The fact is, today, we have a lot of politicians, a lot of pundits, and a lot of other elites who are enamored with the idea of patriotism. Not enamored with the country or culture itself, but purely the idea of having total social control. They want people to follow them, they want to be able to insist upon their own authority, but they don’t actually care much for the particulars of what authority they’re appealing to. Elite circles nowadays don’t raise their members in culture as much they do immerse them in propaganda6. And what propaganda teaches is that the only end worth pursuing is the neverending accumulation of power.
We tend to speak of men such as Martin Luther King as great propagandists, rhetoricians who packaged things just right to sell to the American public. Political campaigns spend millions trying to break down and distill this essence for their own agendas. Every civil rights movement since has fantasized about “getting their own MLK”. But all of this is a distortion of history.
The respectability politics of the Civil Rights Movement wasn’t just about “looking good”, MLK genuinely believed Christian morals were necessary to build and sustain these communities. He didn’t just appeal to American identity: he deeply, genuinely saw the South as his home and America as a land of promise. His clashes with black radicals weren’t over strategy or optics but matters of genuine principle. Similarly, the church served not just as an accessory to the wider movement, but the heart and center of it7.
None of this would have worked or held up to scrutiny if the members of the movement did not genuinely believe in and belong to the culture they were fighting to redeem, if they did not genuinely believe and submit to the God whose authority they were appealing to, and if they were not relying upon the strength of the very people in whose name they claimed to speak. Crisis is a fire whereby these loyalties are tested, and they proved themselves by putting their lives on the line. It was these shared commitments which reminded and called others to see themselves in them.
By addressing their oppressors not only as fellow sinners but also as fellow Southerners, King and his followers exposed the moral claims of the white supremacist regime in the South to the most damaging scrutiny; and the appeal to a common regional past was probably just as important, in the eventual victory over segregation, as the appeal to “profound and ultimate unities,” in Niebuhr’s phrase.

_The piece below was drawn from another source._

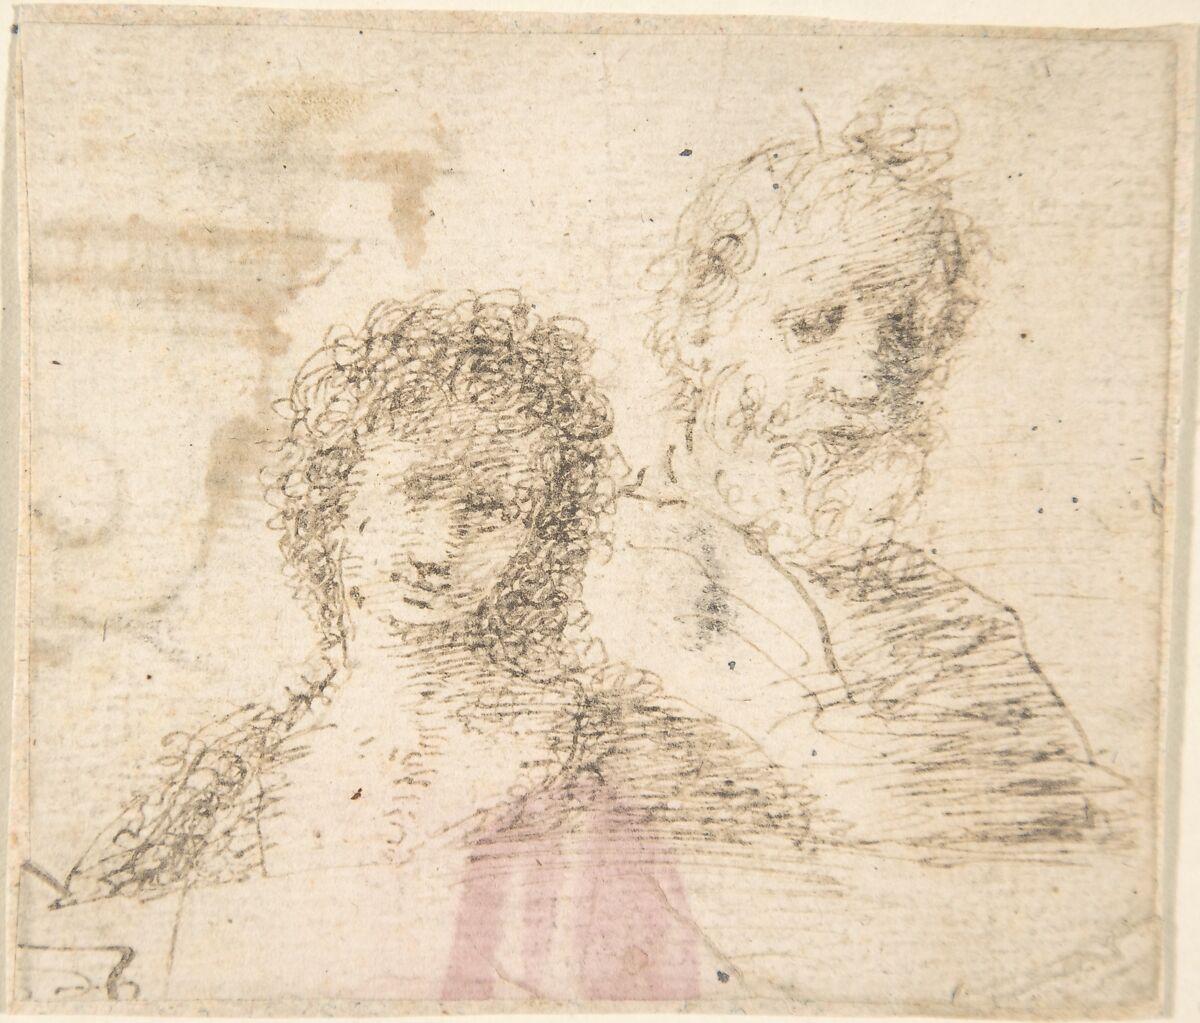 Busts of a Young Woman and an Old Bearded Man, Anonymous, Spanish, School of Seville, 17th century, Pen and dark brown ink. On off-white paper

King always believed, even in the face of what sometimes must have seemed overwhelming evidence to the contrary, that “there are great resources of goodwill in the Southern white man that we must somehow tap.” When Lyndon Johnson became president, it was important to King to point out that Johnson was a “fellow Southerner” who was “concerned about civil rights.” Sympathetic Southern whites sensed that King spoke not only for black people but for the soul of the entire South. Hence the “admiration,” as Lillian Smith told King, of “thousands of white Southerners” for what he was doing. (The True And Only Heaven, 396)
That really then, just raises the question. In our current moment of crisis, where do our political leaders draw their support from? Do they return back to the American political tradition, look through the countless examples of forgotten movements to draw inspiration from? The experiments of the Puritans, the populist movements of the 19th century, or the labor movements of the 20th century?
But, they can’t do that because of their class position. The bourgeoisie is a class which is devoid of an organic culture. They interface with the world in terms of money and are materially detached from local concerns. The intelligentsia struggles with comprehending the unspoken aspects of on-the-ground development. As Lasch points out, the development of capitalism killed off a lot of our historic populist traditions8. Our elites have their own history, one in which clever leaders and clever plans lead the ignorant masses out of the wilderness.
Instead they turn towards the top-down ideologies: social democracy, national conservatism, Reaganism, technocracy. What connects all of these movements is they start by winning over elites, who then in turn can only rely on the levers of the state to push everyone else along.
We’ve heard the same formula pitched to us time and time again: that the problems with our country come down to election results and that if we change the system of law in this or that way (changing who can vote, abolishing the Senate, etc.) then all the incentives in our system will properly line up again. And once the system is set up in a way where the right people can win, they can pass their agenda and the country will unite under them.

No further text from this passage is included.